> _Task directions_:
The material below holds pictures; leave them out and reproduce exactly the lines from the one with "José Tomás dona" through the one with "Louisiana The Pelican State Women's T-shirt", inclusive.

(Provided material begins)

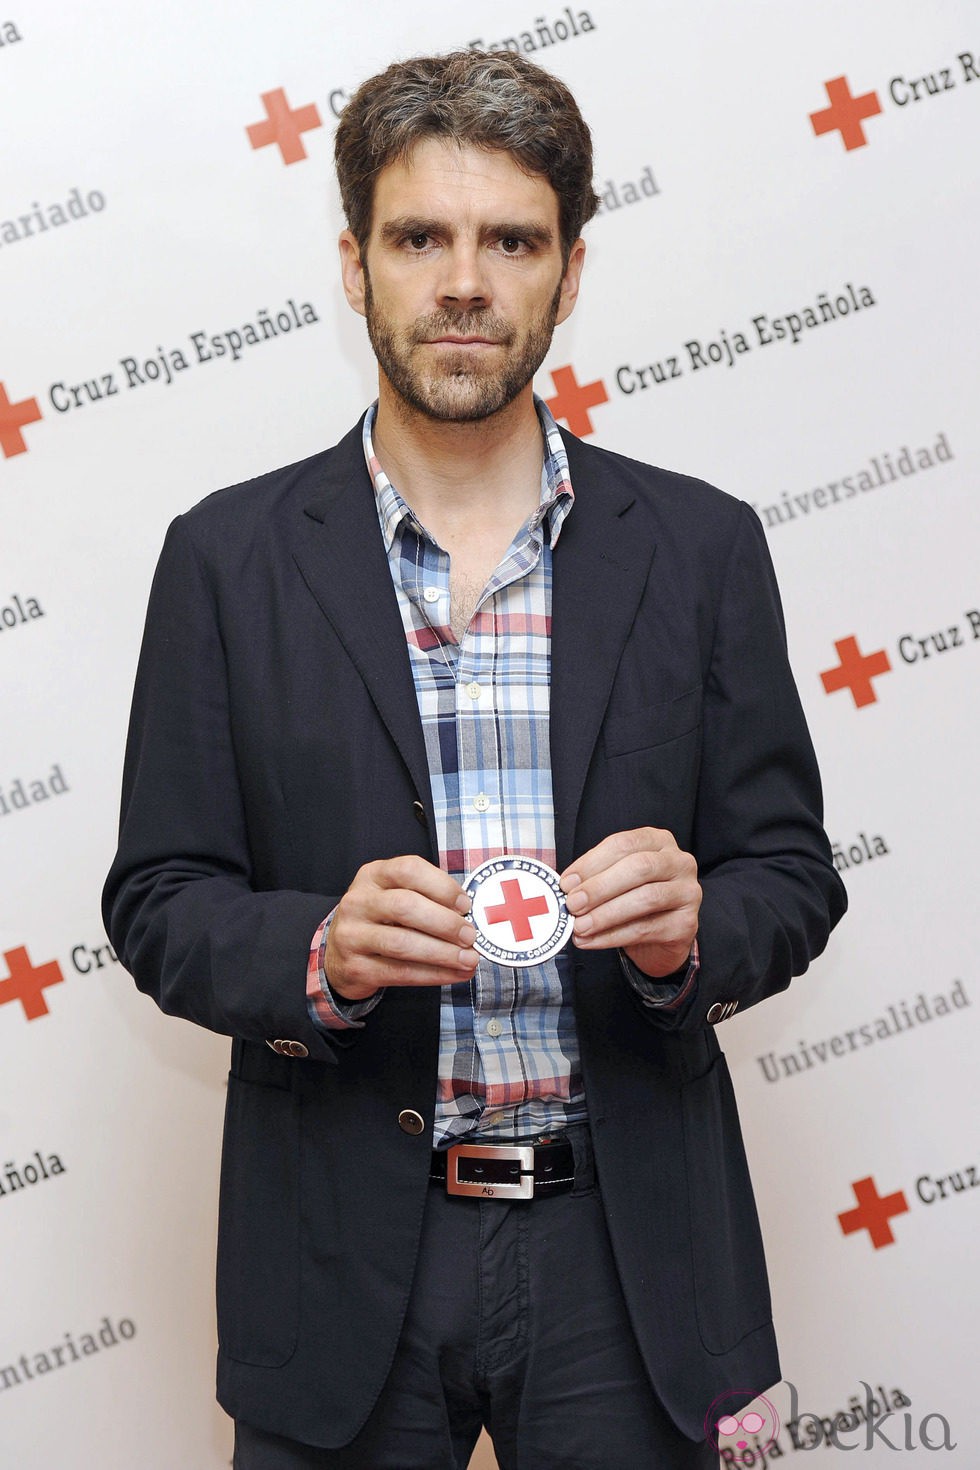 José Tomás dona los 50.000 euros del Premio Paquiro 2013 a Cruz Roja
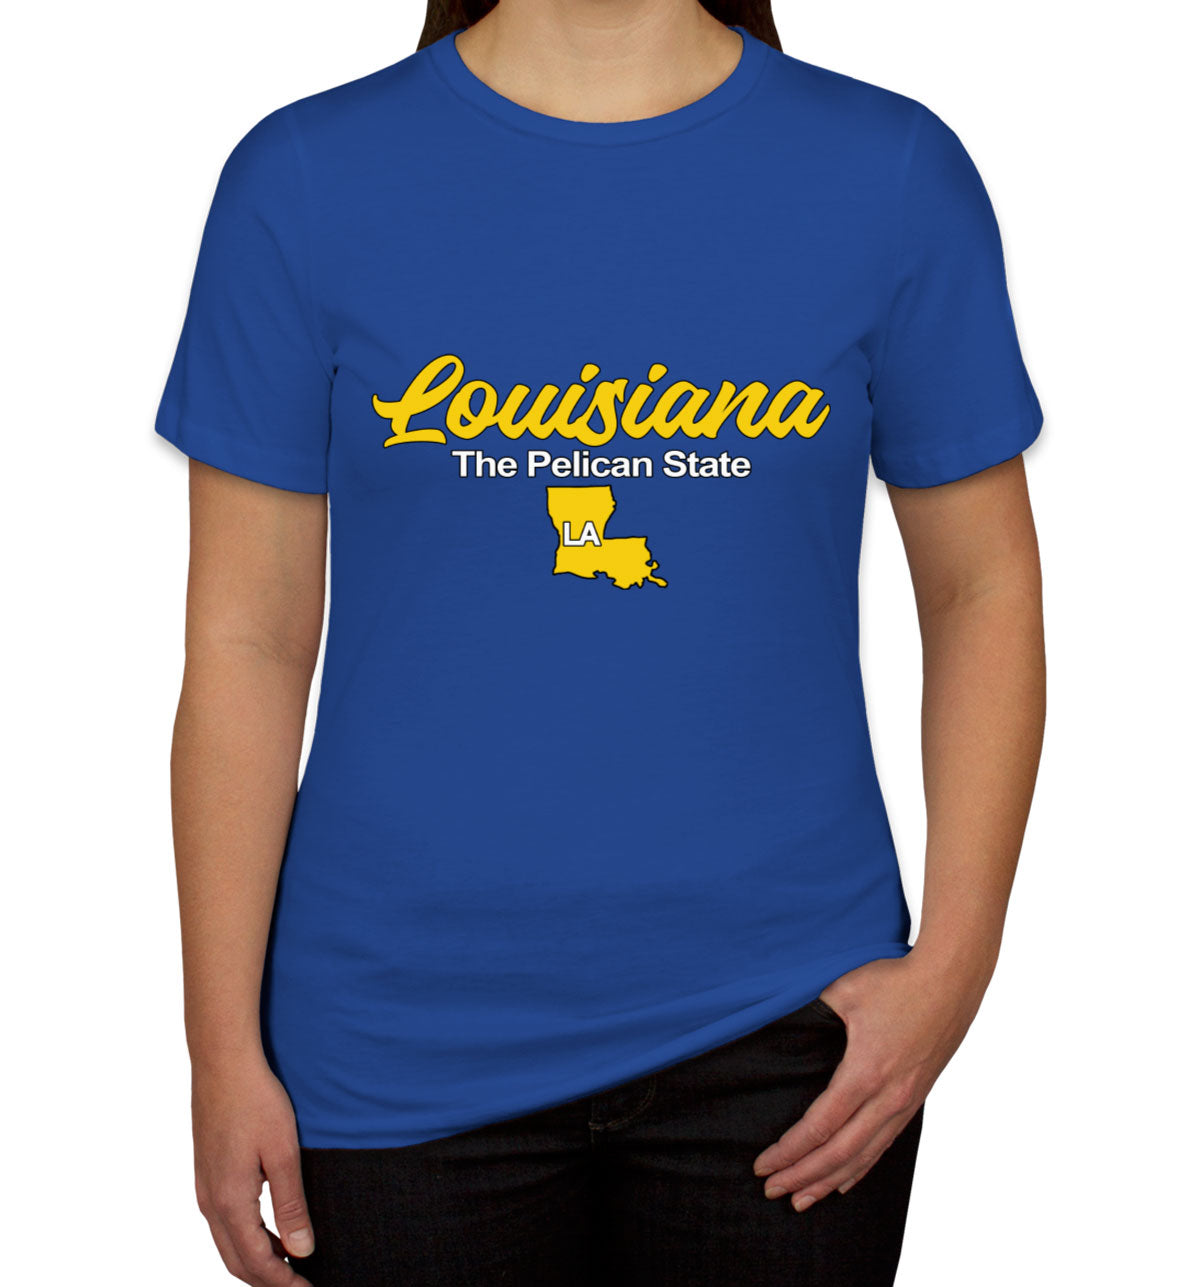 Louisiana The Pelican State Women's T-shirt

(Provided material ends)
(Provided material begins)

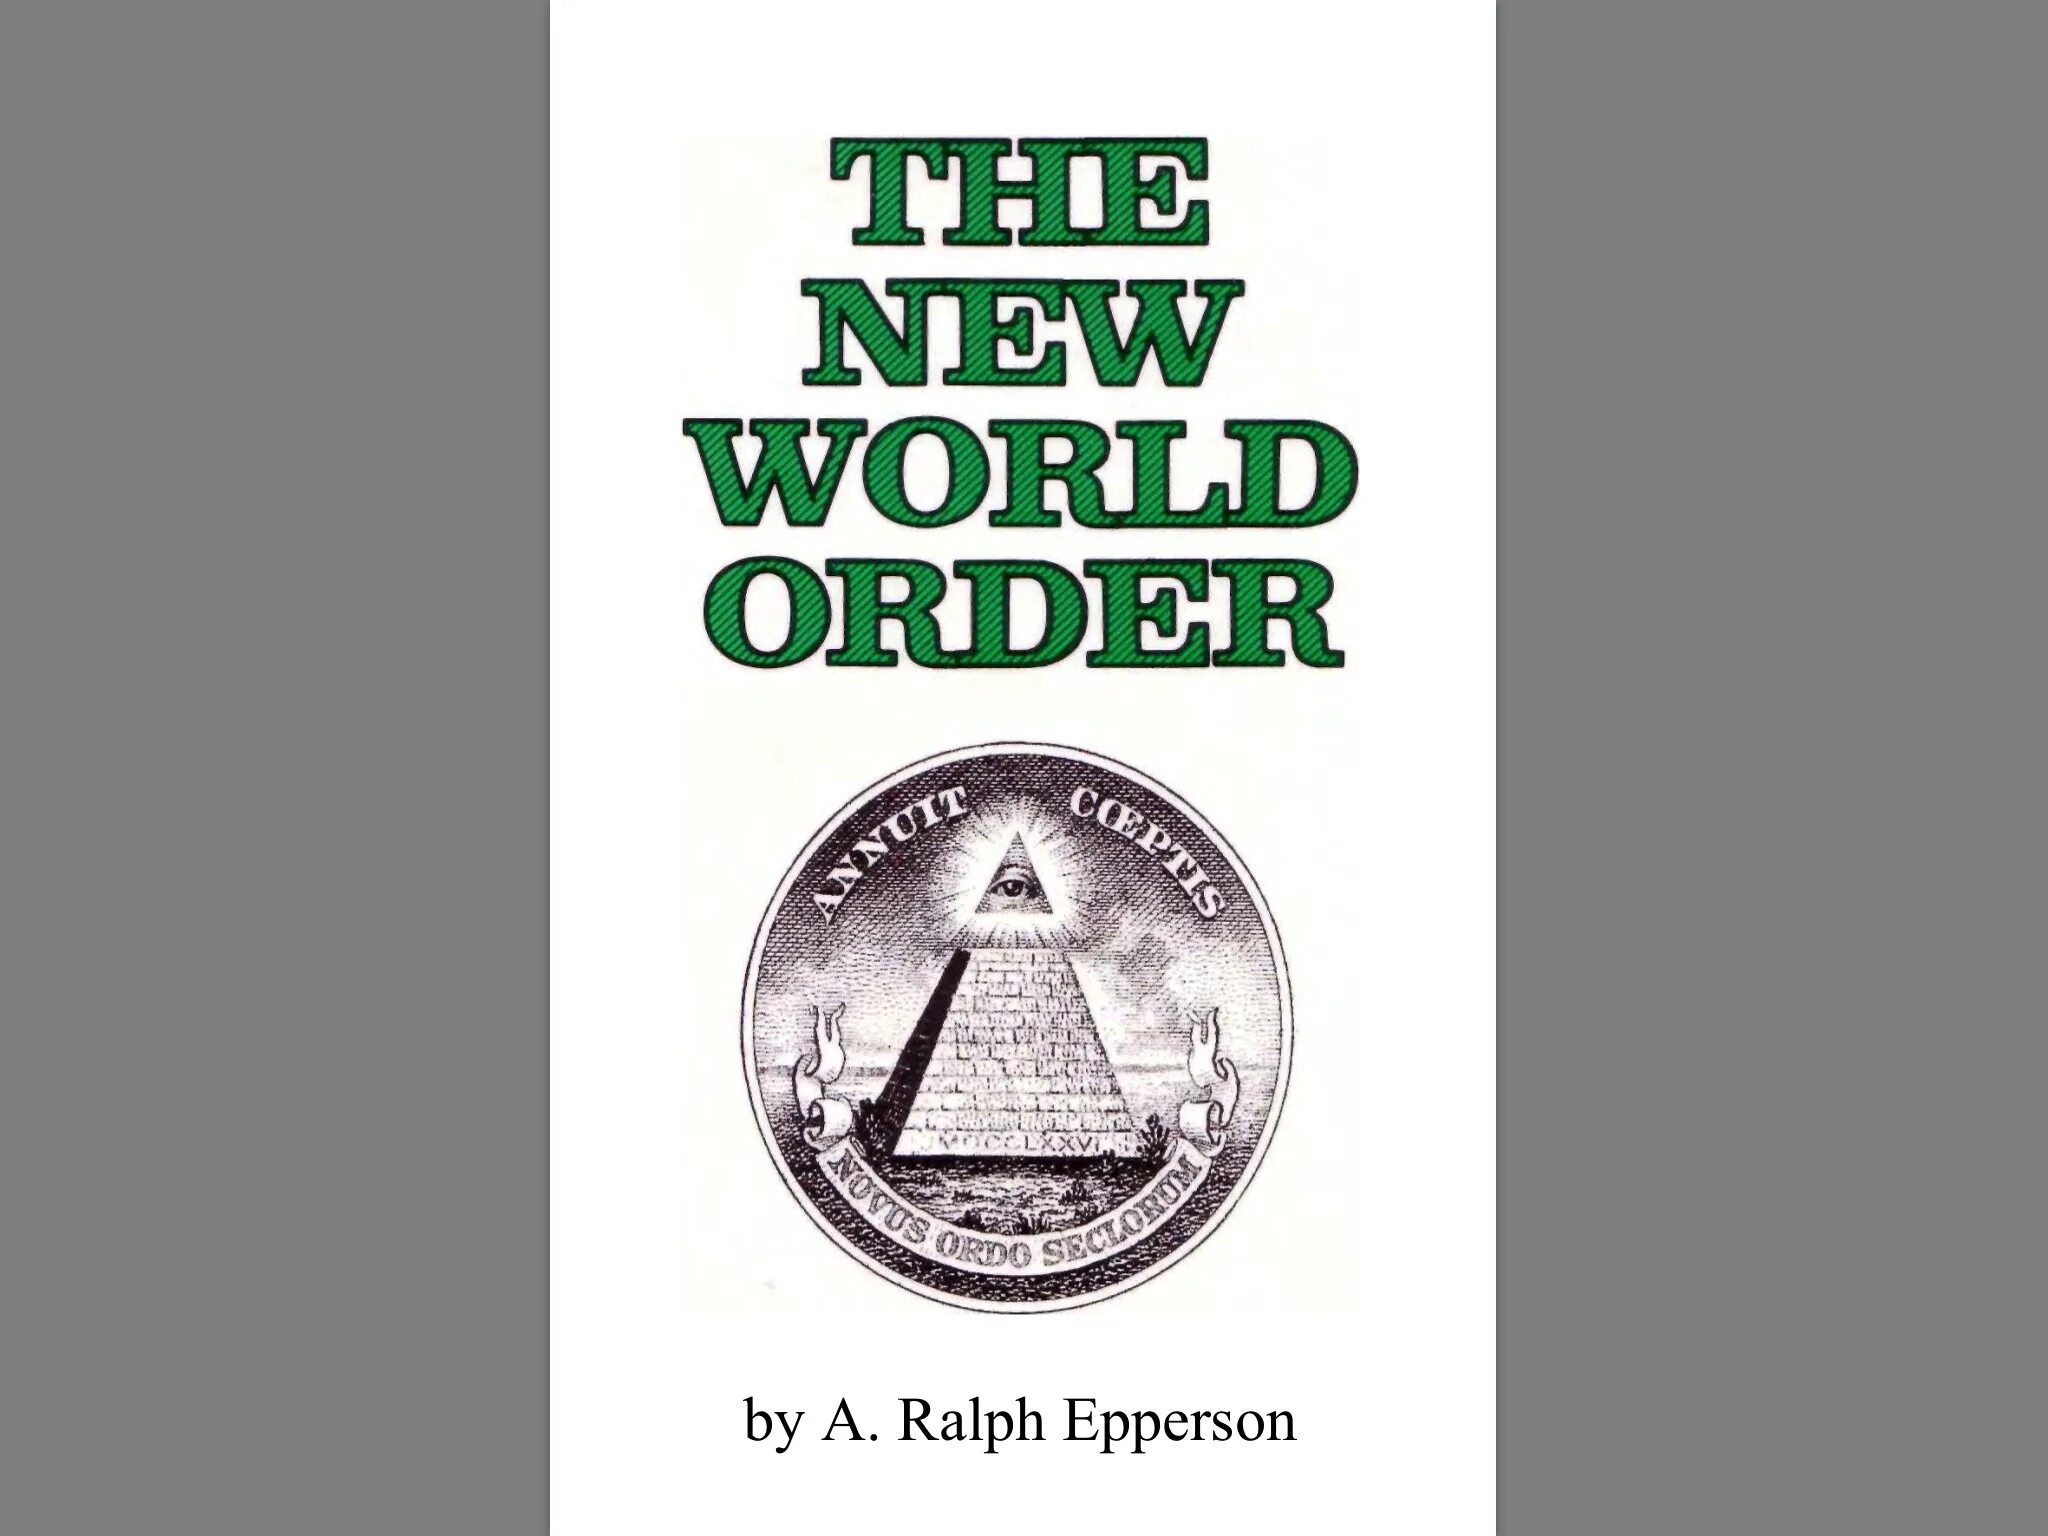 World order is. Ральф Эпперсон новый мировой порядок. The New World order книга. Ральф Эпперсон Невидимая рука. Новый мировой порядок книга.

(Provided material ends)

> _Response_:
 José Tomás dona los 50.000 euros del Premio Paquiro 2013 a Cruz Roja
 Louisiana The Pelican State Women's T-shirt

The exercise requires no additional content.